I walked to the mirror and picked up the picture. We were 12, and with our arms wrapped around each other, cheek to cheek, we were grinning for the camera. I'd never forget that night. She'd slept over at my house, which was nothing special, but for some reason, that one night just stayed stuck in my memory. I could remember practically everything we'd done. We'd stayed up until sunrise watching scary movies, then snuck out of the house, walked to the pond in my woods, and hung out, just talking. God we'd talked about everything. I couldn't remember it all, but I did remember saying that we would be best friends until we were in a nursing home.

Cambree had just replied with a laugh, saying "We'd so get kicked out of that nursing home."

She was right. We would have. Never in a million years did I think that after all this time our friendship would just end. No calls, nothing. She didn't even have the decency to act like an acquaintance and check to see how I was after the accident.
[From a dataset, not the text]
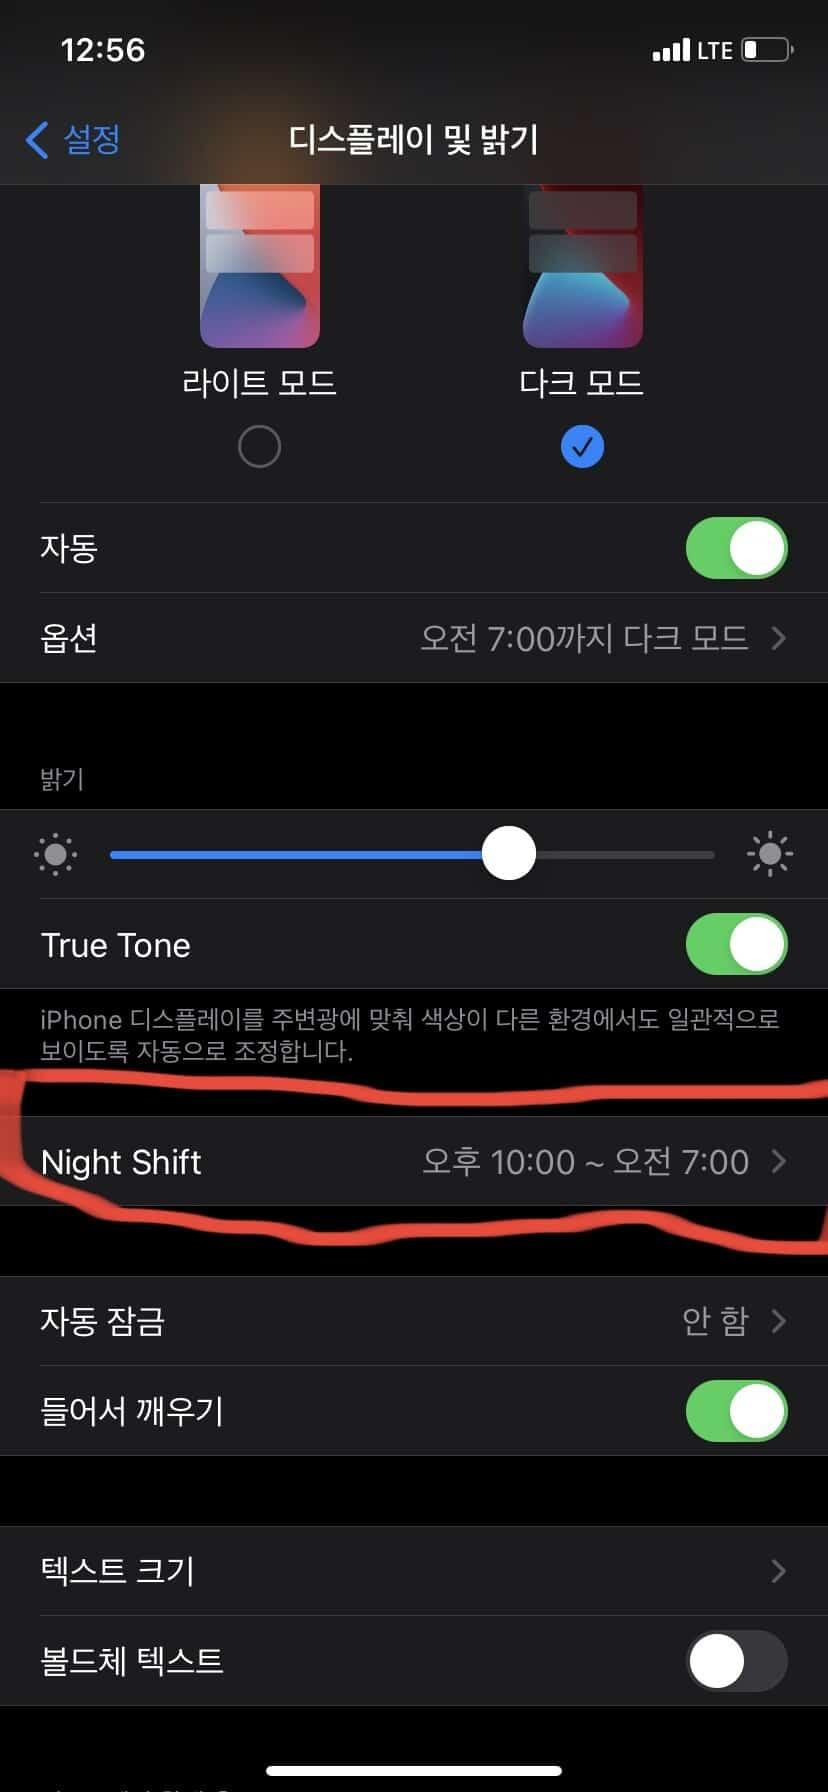 Night Shift •

I had no idea what that said about ten years of friendship.

"It means they weren't for shit," I muttered to myself.

I grabbed the photo, and tried to rip it, but I just couldn't do it. So much anger and hurt was built up inside of me. Some of it should have been able to make me rip that photo. It must have been that one little ounce of hope that stopped me. Hope that our friendship really wasn't over, and that someday we could go back to being the friends we once were.

So I didn't rip it. Instead, I yanked open a drawer, and stuffed it at the bottom, under some of my old stuffed animals that I couldn't part with, despite the fact that I'd outgrown them.

My mirror was new and improved with bits and pieces of the old me. Gone were the pictures of me, Cambree, Laurel and Taryn. I'd filled their spots with new pictures of me, Mandy, Jenna, and Derek. Even Tony was in a few. Of course, all of them featured my casts, so as time went on, I'd replace those, too.

I heard my phone vibrate from my bedside table, so I rushed over and grabbed it. It was a text from Derek.

Hey, movies tonight?

I smiled and quickly replied.

Sure thing! You ask Jenna and Mandy yet?

Actually, I was thinking maybe it could just be us.